6. Review recurring financial statements (including quarterly reports and disclosures made in management's discussion and analysis) to be issued to the shareholders or the public with management and the independent auditor and recommend to the Board the inclusion of the Corporation's audited financial statements in the Corporation's Annual Report on Form 10-K. Quarterly review of financial information prior to filing of the Corporation's Form 10Q may be performed by the Committee Chairperson.

7. Review and discuss:

(a) All critical accounting policies and practices to be used.

(b) All alternative treatments of financial information within generally accepted accounting principles that have been discussed with management, ramifications of the use of such alternative disclosures and treatments, and the treatment preferred by the independent auditor.

(c) Other material written communication between the independent auditor and management, such as any management letter or schedule of unadjusted differences.

8. Discuss with management the Corporation's earnings press releases, including the use of "proforma" or "adjusted" non-GAAP information, as well as financial information and earnings guidance provided to analysts and rating agencies. Such discussion may be done generally (consisting of discussing the types of information to be disclosed and the types of presentations to be made.)

9. Investigate any matter brought to its attention within the scope of its duties and retain outside counsel or other experts for this or any other purpose, if, in its judgment, such retention is appropriate. The Corporation shall provide appropriate funding, as determined by the Committee, for payment of compensation to the independent auditor for the purpose of rendering or issuing an audit report and to any advisors employed by the Committee.

10. Periodically review major information technology trends as they affect the Corporation.

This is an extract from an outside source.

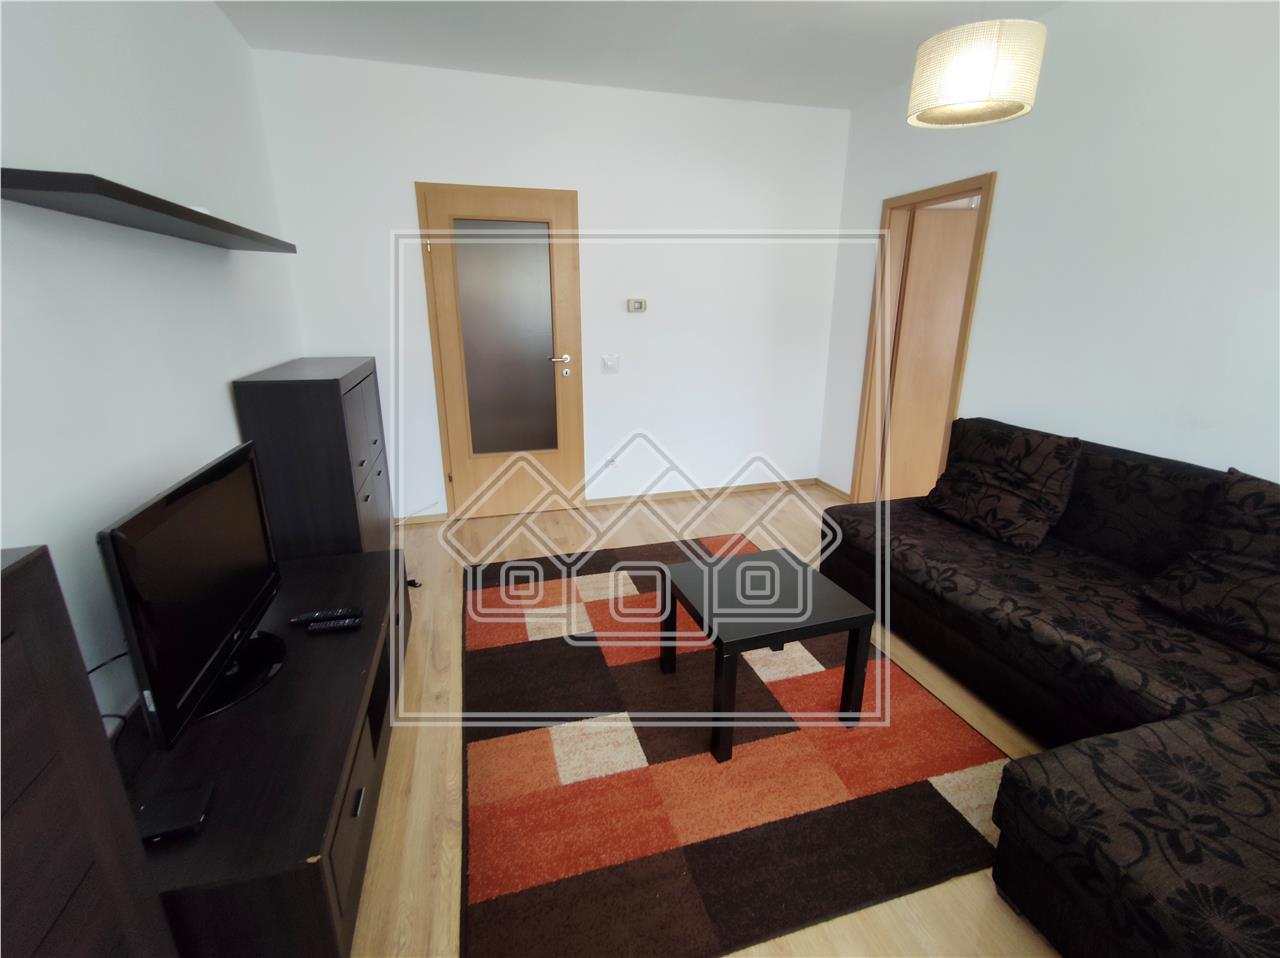 Apartament 3 camere de inchiriat in Sibiu - zona Rahovei - bloc recent
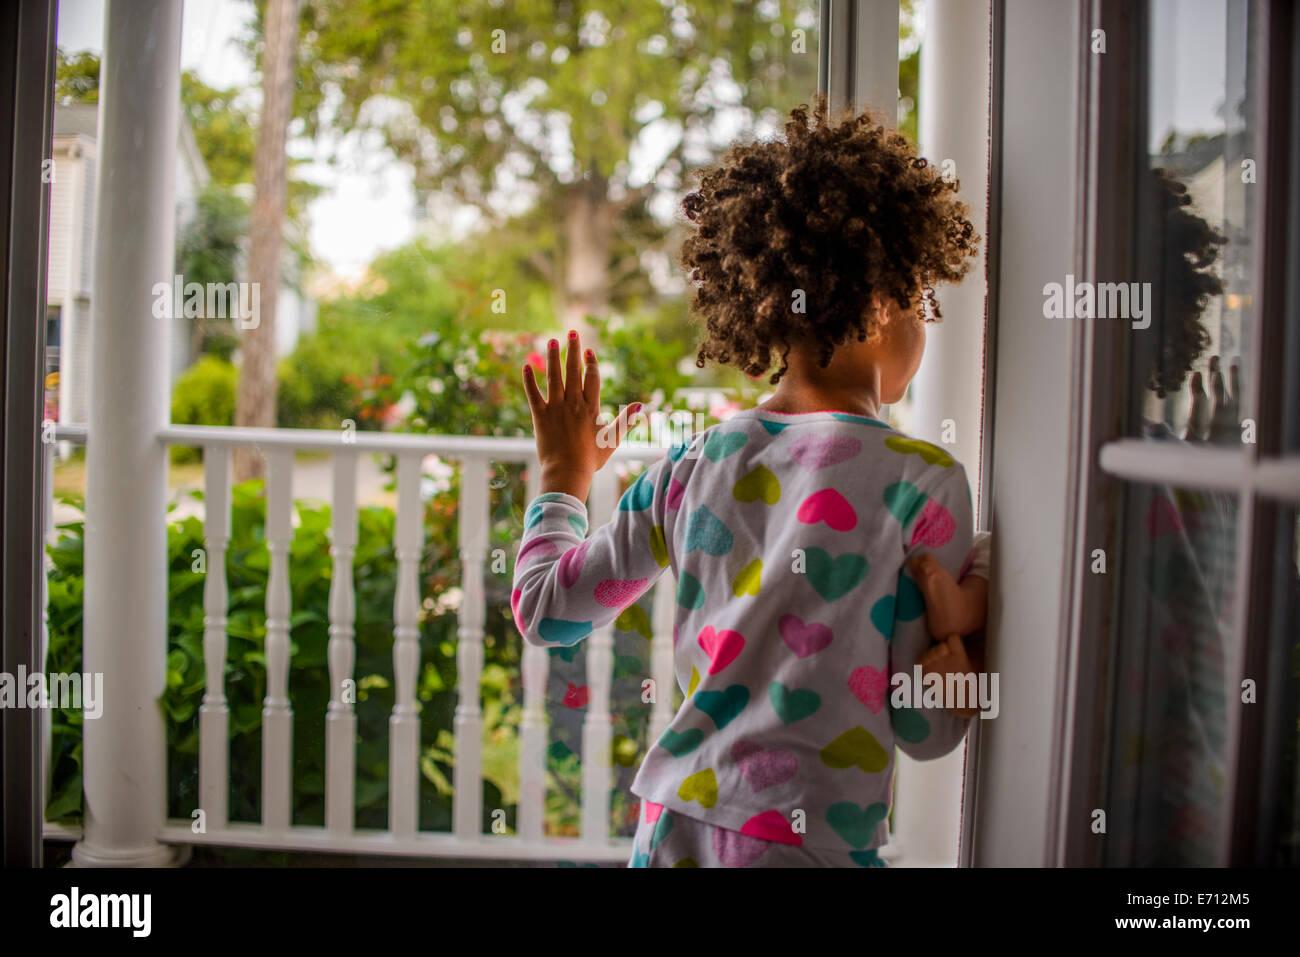 7b3051318 Sliding Door Stock Photos   Sliding Door Stock Images - Alamy

11. Report Committee activities to the full Board and annually issue a summary report (including appropriate oversight conclusions) suitable for submission to shareholders.

12. Review disclosures made to the Committee by the Corporation's CEO and CFO during their certification process for the Form 10-K and Form 10-Q about any significant deficiencies in the design or operation of internal controls or material weaknesses therein and any fraud involving management or other employees who have a role in the Company's internal controls.

13. Ensure the rotation of the lead (or coordinating) audit partner having primary responsibility for the audit and the audit partner responsible for reviewing the audit as required by law.

14. Establish procedures for the receipt, retention and treatment of complaints received by the Corporation regarding accounting, internal accounting controls or auditing matters, and the confidential, anonymous submission by employees of concerns regarding questionable accounting or auditing matters.

15. Discuss with the Corporation's General Counsel legal matters that may have a material impact on the financial statements or the Corporation's compliance policies.


The Committee's charter, policies and procedures will be reassessed annually to allow reaction to changing conditions and environment and to assure that the Corporation's accounting and reporting practices are in accordance with all requirements and are of the highest quality. The Committee shall annually review the Committee's own performance.

The Committee shall meet as often as it determines necessary, but not less frequently than quarterly. At all meetings of the Committee, sufficient opportunity shall be made available for the external auditors to meet with the members of the Committee without members of management present and for management to meet independently with the Committee members. These meetings shall include the independent auditors' evaluation of the Corporation's financial, accounting and auditing personnel and an assessment of the cooperation the independent auditors received during the review. The Committee may request any officer or employee of the Corporation or the Corporation's outside counsel or independent auditor to attend a meeting of the Committee or to meet with any members of, or consultants to, the Committee.